Money Art Alec Monopoly

    Having achieved international renown, he has been commissioned for high-profile projects with The W Hotel, Vitamin Water, Avicii, and CoverGirl. Unlike other street artists, Monopoly avoids vandalism—often painting on abandoned buildings and warehouses rather than government properties or businesses. His adoption of the board game character Mr. Monopoly as his mascot was inspired by the stockbroker Bernie Madoff, and is intended as a criticism of the billion-dollar bailouts and de-regulation associated with major banks.

    He has had exhibitions throughout the United States, and took part in Art Basel Miami Beach in 2010. Originally from New York City, Monopoly has lived and worked Los Angeles since 2006.

 

Ben Allen  

    Ben Allen is a rebel and his art reflects that. When he first started painting in the 90s, he soon realized this could be an outlet for the wild creative energy which distracted him so much in his youth. The application of paint, ink or collage on to a surface has been a compulsive, therapeutic habit ever since he returned from a trip to Mexico aged 19, where he first encountered the philosophical concepts of perception, inner development and mind-expansion which underpin the writing of Carlos Castendada, his most significant and recurring influence.

    Ben’s paintings, murals and screen prints occupy a space between street art, graffiti, abstraction, graphic design, pop culture, modernism and comic strips. It’s an oeuvre which is best described as Contemporary Pop Art. Using a range of materials including acrylic, household paints, spray paint, screen printing, markers, comic books, digital print, billboard papers and US currency, he makes diverse, intuitive and boldly subversive imagery. 

Money Art Ben Allen

Money Mickey - Ben Allen / Money Art

    Ben’s work is built on a foundation of experience, freedom of thought, experimentation and an  ‘emotional synesthesia’. Music is vital to the creative process and the vibrant colours and abstracted forms of his evocative paintings and prints resonate with the with the beats that reverberate around his bright, open-plan studio. It is connected to emotions, too.

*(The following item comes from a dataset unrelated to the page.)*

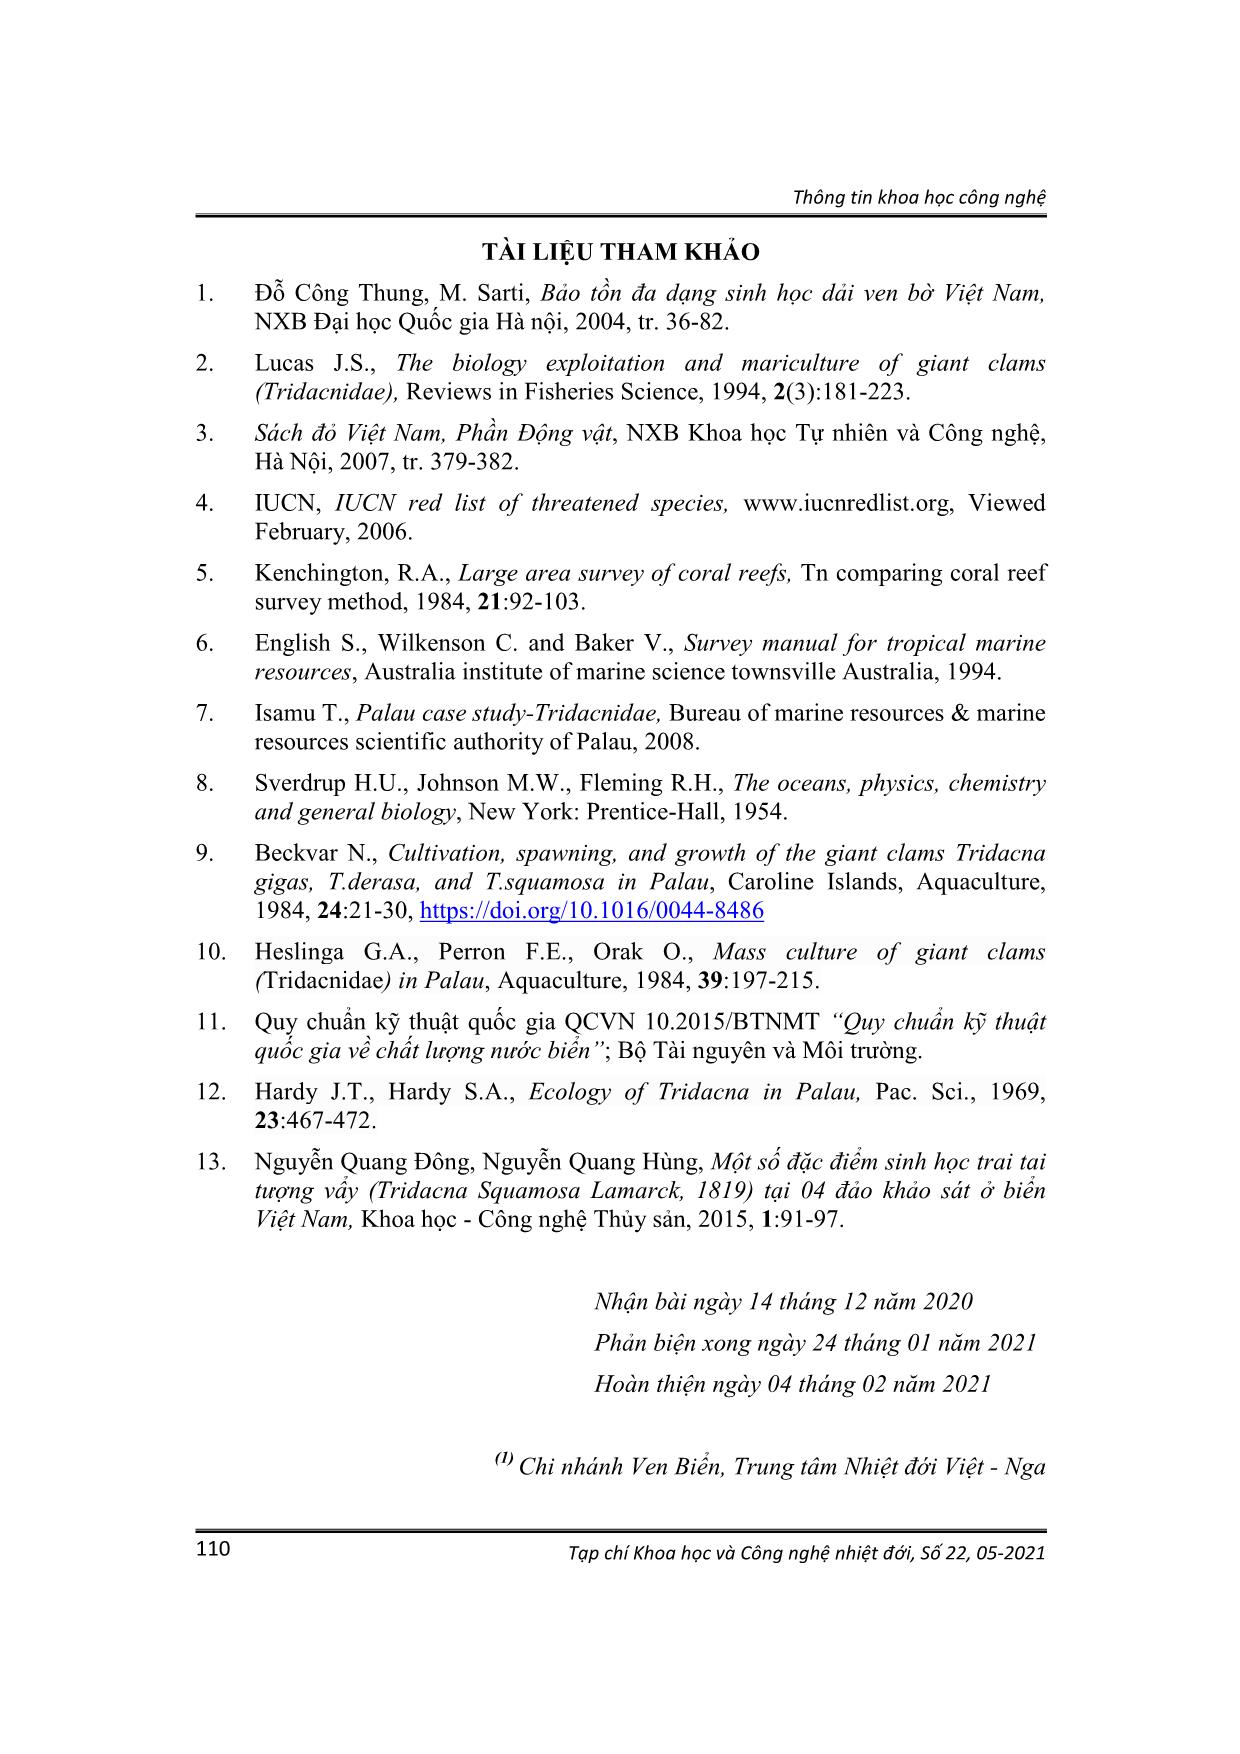 Kết quả khảo sát hiện trạng sự phân bố, mật độ trai tai tượng Tridacna maxima ở vịnh Nha Trang, Khánh Hòa trang 8

    The way he feels is reflected in each brush stroke, splatter or sprayed form, and these actions become an unselfconscious monitor of his mood and energy. Despite this intensity, the finished result is always considered and Ben will work on a number of canvases at any one time, moving between them, adding layers and references until he finds a resolution. 

    Ben has worked on a range of bespoke interior design projects and his artwork has been used by high-end brands including LG, Nokia, Virgin, Levis, Vans, Estrella Gallicia, NME Magazine, Converse, Jamie Oliver and Subliminal Records. 

“I can’t really explain what a finished work looks like. I just know when I’m there. My paintings are about chance, intuition and experiences. I don’t want to tell people what they’re looking at, I want them to find something they connect with - visually and emotionally.” 

    As an artist, Ben is constantly motivated to challenge art that feels safe or easy. His process is focussed and intense and his output reveals a vivid culmination of joy and pain, anarchy and peach, love and hate, greed and kindness. Amongst this hotbed of contradictions, the work resides, vibrating with life and a tangible energy. 

Money-Art-Ben-Allen

Life Sucks - Ben Allen

“Ben Allen is a contemporary artist, known for his distinctive Pop paintings. Using complex collage techniques, his pieces create a dynamic mash-up of popular culture, which work to critique the banal and the mundane, challenge mainstream media values and inspire a sense of freedom. Allen’s works are self confessed meditations. His techniques capture an emotion rather than a reality; a demonstration of art as a perfect vehicle for the general artistic quest to convey sentiment and arrest motion.”